Write out word for word the lines from the one holding "Safavieh Alexis Mid" through the end of the data, and only those lines. Pictures stay out.

[Data Boundary: Start]

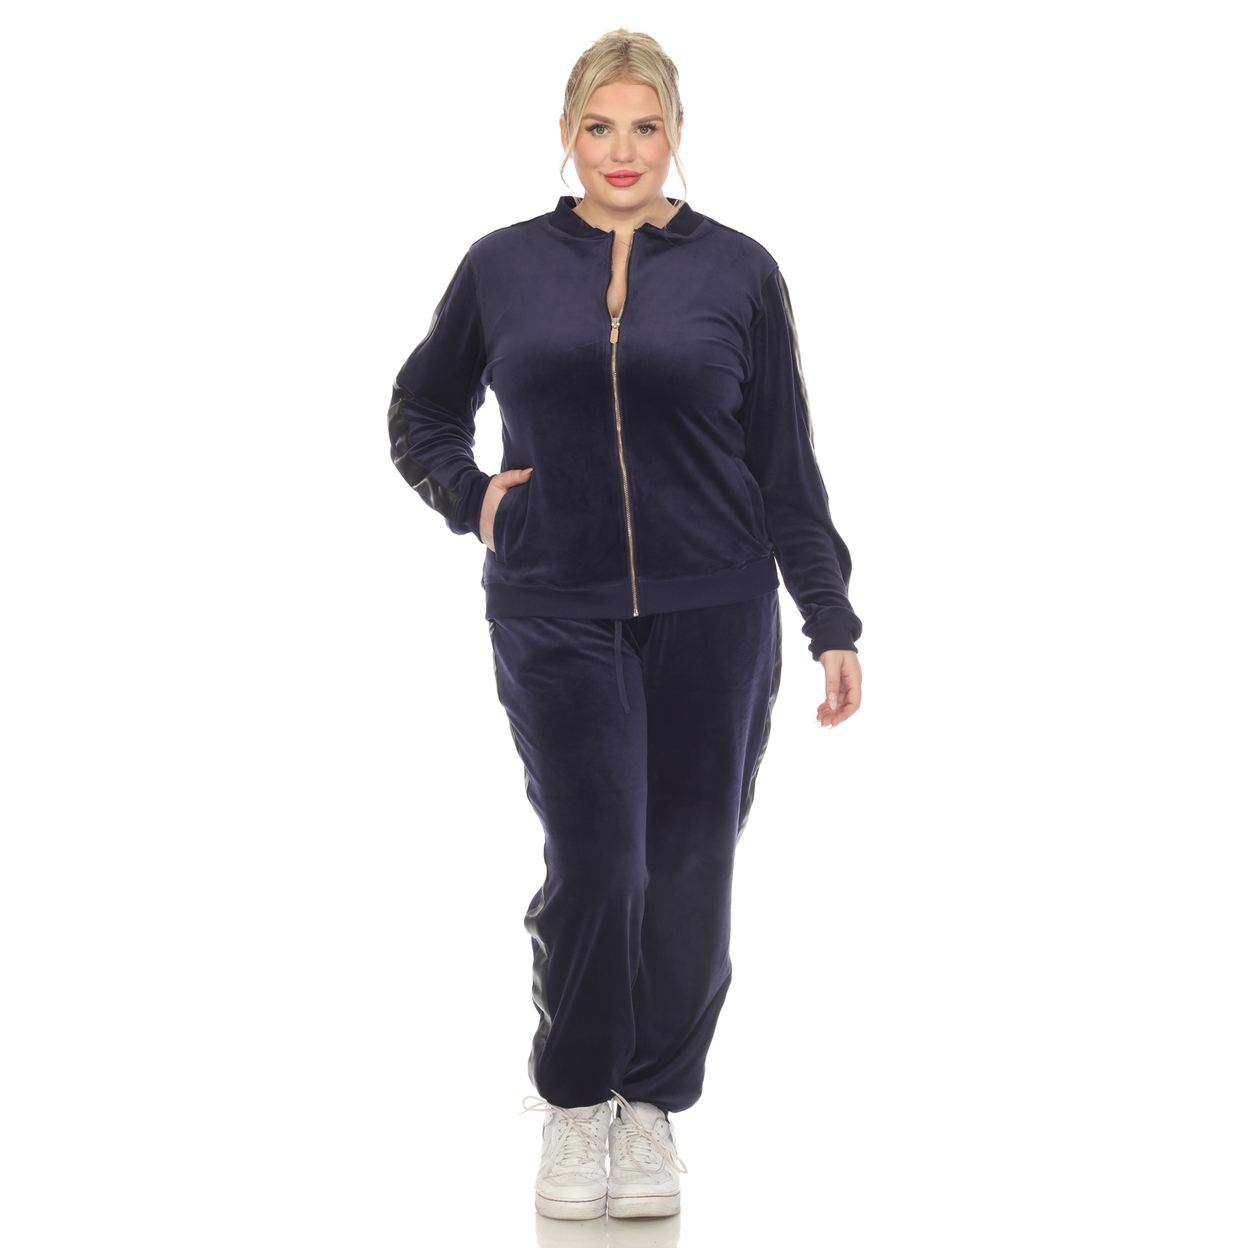 White Mark Women's 2-Piece Velour Tracksuit Set With Faux Leather Stripe - Navy, 3x
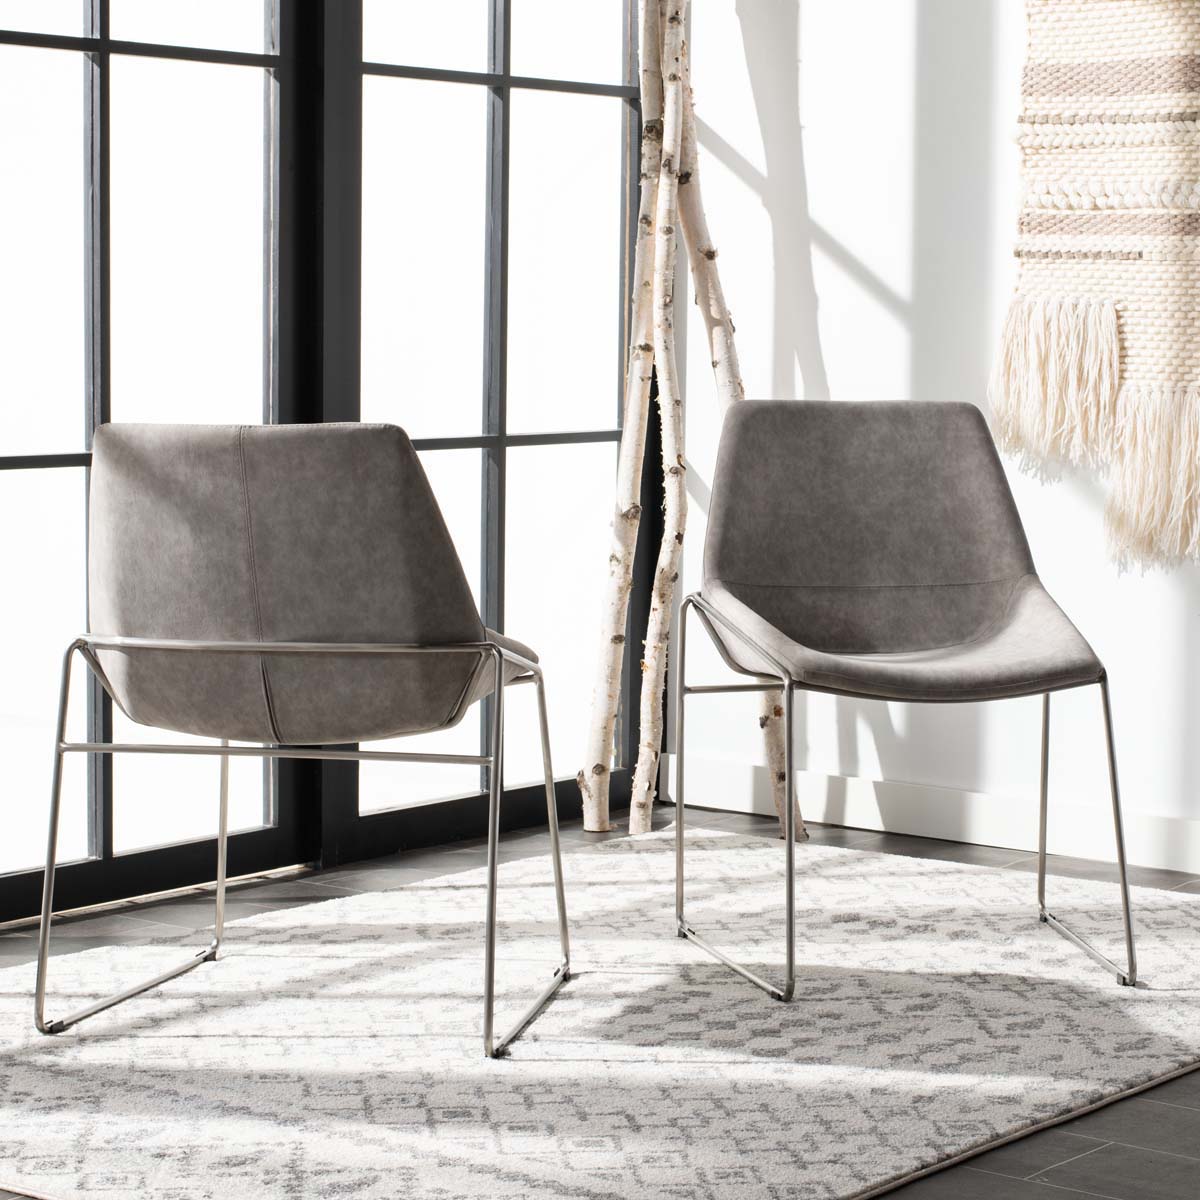 Safavieh Alexis Mid Century Dining Chair (Set of 2), DCH3000 - Stone Grey Pu/Silver
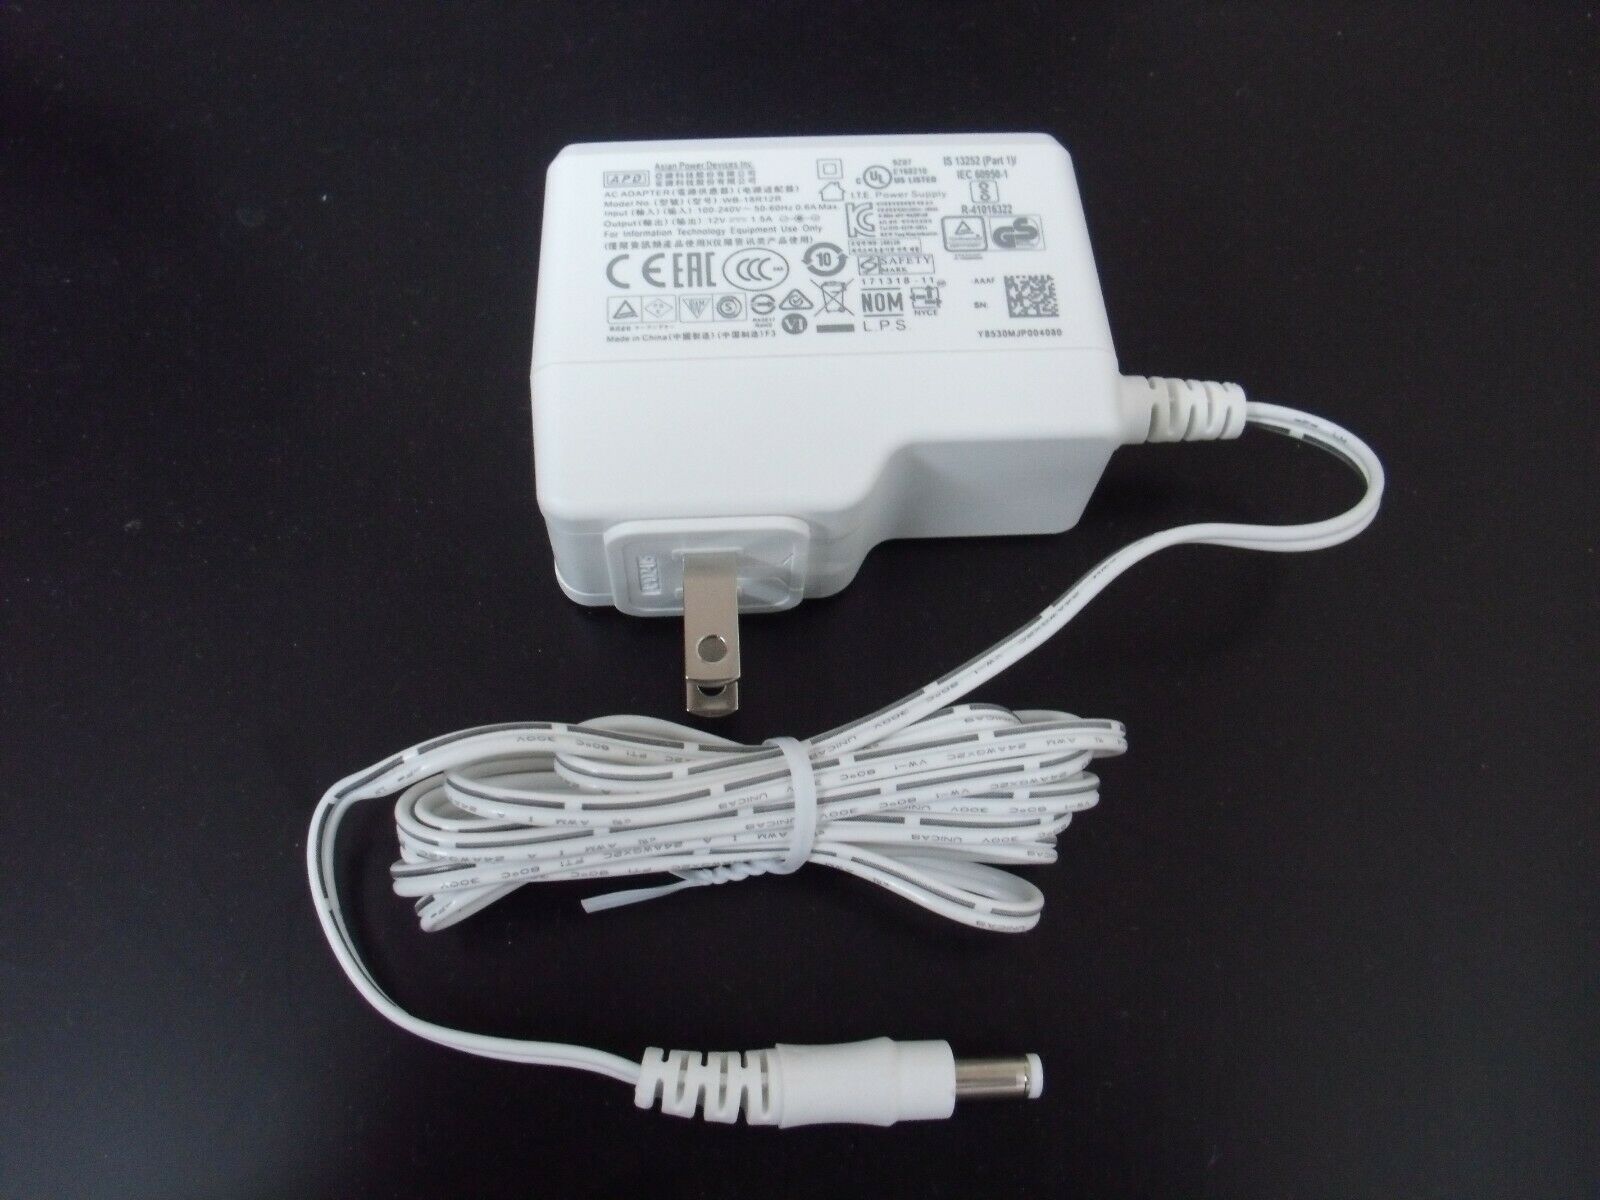 AC DC Power Supply Adapter Charger APD WB-18R12R White (4 Plugs) 12V 1.5A USA Connection Split/Duplication: 1:4 Type:

[Data Boundary: End]

**Answer**
 Safavieh Alexis Mid Century Dining Chair (Set of 2), DCH3000 - Stone Grey Pu/Silver
 AC DC Power Supply Adapter Charger APD WB-18R12R White (4 Plugs) 12V 1.5A USA Connection Split/Duplication: 1:4 Type:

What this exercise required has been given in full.